Repeat, Next, & Break
- Repeat is a function that basically initiate an infinite loop. These are not commonly used in statistics. The only way to exit a repeat loop is to call break.
min_value <- 1
max_value <- 500
repeat{ estimates <- computeEstimate()
if(abs(estimates - min_value)< max_value)
{ break
}else{ min_value <- estimates
}
}
I tried the above code but it didn’t converge. The complain was about not finding the function computeEstimate().
Next Loop It is used in any type of looping construct when we want to skip an iteration. I am going to create a that runs for 150 iterations, and pass a next statement to bypass certain cases:
for(i in 1:15){
if(i <= 11){ # I want to skip first 11 iterations
next # go to 12nd iteration
}
print(i-1)# and print i-1
}
[1] 11
[1] 12
[1] 13
[1] 14
Writing functions in R and using them to our analyses
Creating a function that calculates means of all the columns in a data table.
column_wise_mean <- function(m){
number_of_column <- ncol(m)#creating a vector that reads the columns in a data frame
calculated_means <- numeric(number_of_column)#creating an empty vector to store the calculated_means
for(i in 1:number_of_column){ #for 1 through the number of columns
calculated_means[i] <- mean(m[,i]) #calculates mean by columns in m
}
calculated_means #returns the calculated_mean
}
# Checking the function on the iris data set
column_wise_mean(airquality)
[1] NA NA 9.957516 77.882353 6.993464 15.803922
The results shows the mean of the last 4-columns and returns NA for the first two column. A further study of these columns show that there are multiple missing values in them.
Calculating columnwise Standard Deviation after getting rid of NAs
column_wise_sd <- function(n, removeNA = TRUE){
number_of_column <- ncol(n)
calculated_sd <- numeric(number_of_column)

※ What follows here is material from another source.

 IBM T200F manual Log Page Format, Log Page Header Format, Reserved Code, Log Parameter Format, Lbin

for(i in 1:number_of_column){
calculated_sd[i] <- sd(n[,i], na.rm = removeNA)
}
calculated_sd
}
# Checking the function on the airquality data set
column_wise_sd(airquality)
[1] 32.987885 90.058422 3.523001 9.465270 1.416522 8.864520
Once omitted the Missing Values from the calculations, I was able to calculte standard deviation for all the columns in the airquality dataset.
The “…” Arguemnt in R
The … argument indicates a variable number of arguments that are usually passed on to other functions. It is often used when extending another function and we don’t want to copy the entire argument list of the original function. For example:
plot_line <- function(calculated_mean, calculated_sd, type = "l",...){
plot(calculated_mean, calculated_sd, type = type, ...)
}
#Search Process in R if we accidentally create generic function named as the global function already exists in the stat package, e.g., mean
search()
[1] ".GlobalEnv" "package:stats" "package:graphics"

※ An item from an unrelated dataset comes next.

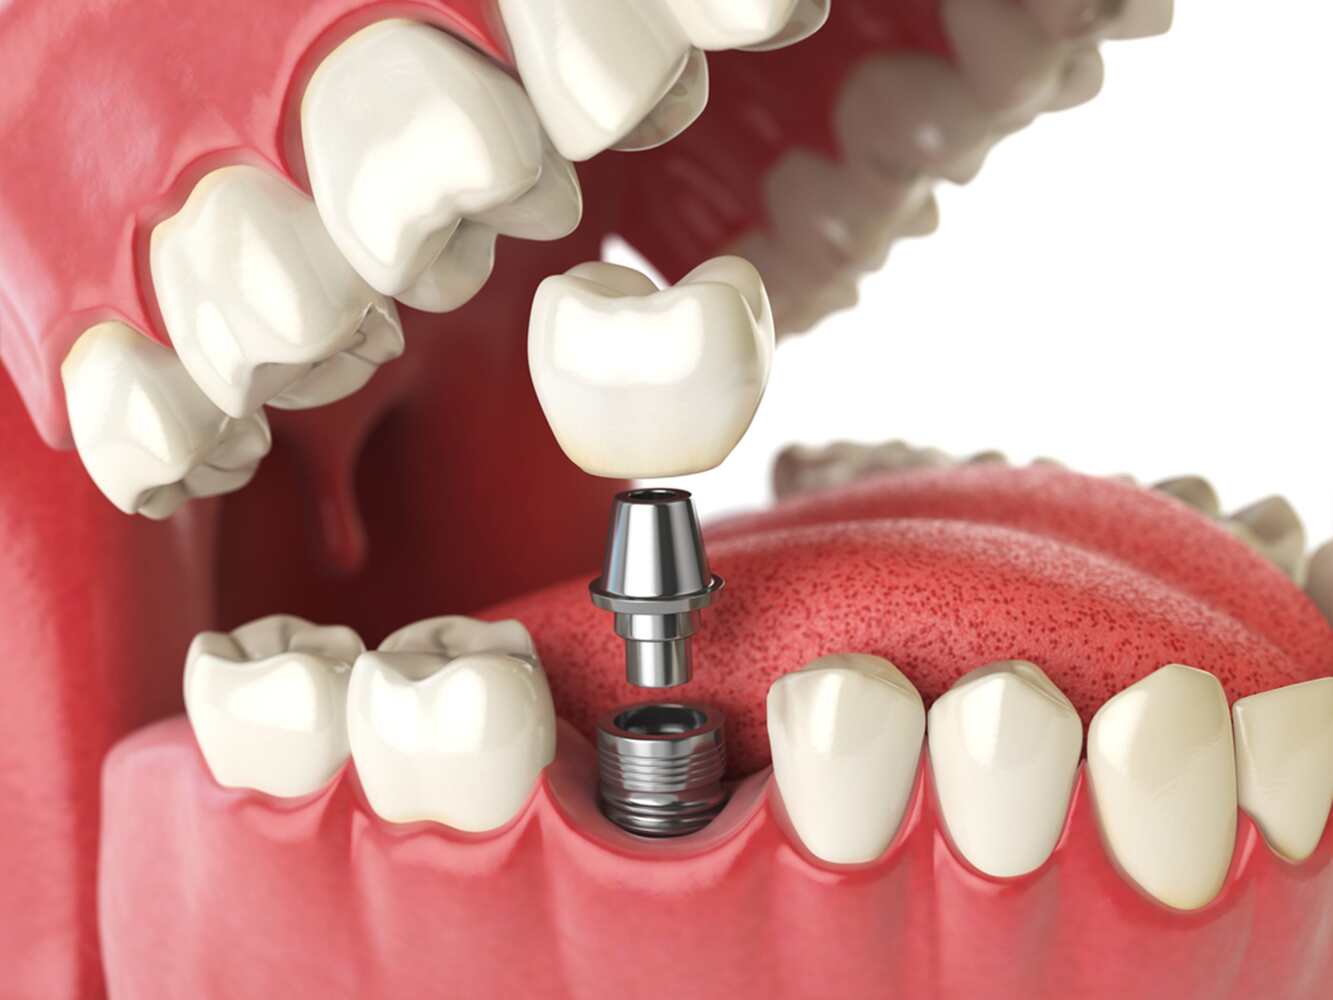 importance of dental implants in modern dentistry

[4] "package:grDevices" "package:utils" "package:datasets"
[7] "package:methods" "Autoloads" "package:base"
Scoping in R
The concept of scope in any programming language is a code chunk dedicated to a variable so that it can be called and refrenced when needed. There are two basic concepts of scoping in R, i.e., lexical (aka. statistical) and dynamic. R uses lexical scoping. For example if we use natural logarithm (ln) of a number R searches it for the environment where the function was defined and made available on the Global environment. Dynamic scoping on the other hand uses the most recent values assigned to a variable.
# Function within a function
raised_power <- function(x){ #takes the value of x
p_wer <- function(y){ #takes the value of y
y^x #raises y to the power of x
}
p_wer
}
# Creating other functions in relation to the raise_power
square_function <- raised_power(2)
cube_function <- raised_power(3)
quad_function <- raised_power(4)
# Testing my work the base of 2
square_function(2)
[1] 4
cube_function(2)
[1] 8
quad_function(2)
[1] 16
# Testing my work the base of 10
square_function(10)
[1] 100
cube_function(10)
[1] 1000
quad_function(10)
[1] 10000
Checking the Function Environment (Function Disection)
Now, lets check how the above functions work:
# The Square Function
ls(environment(square_function))
[1] "p_wer" "x"
get("x", environment(square_function))
[1] 2
# The Cube Function
ls(environment(cube_function))
[1] "p_wer" "x"
get("x", environment(cube_function))
[1] 3
# The Quad Function
ls(environment(quad_function))
[1] "p_wer" "x"
get("x", environment(quad_function))
[1] 4
The readily available R functions are saved in the global environment, thus, they are easily available in user workspace. Lexical scoping allows R program to check the value of a function in a global environment, while the dynamic scoping allows R to look up the values in the environment from which the function is called. In my case, my current work space, thus, it is sometimes called the calling environment, aka the parent frame. The function I am going create follows the parent frame to calculate the value of the desired input. In the case below, the first value of b, i.e., is global environment while the second value is defined in the calling/local environment.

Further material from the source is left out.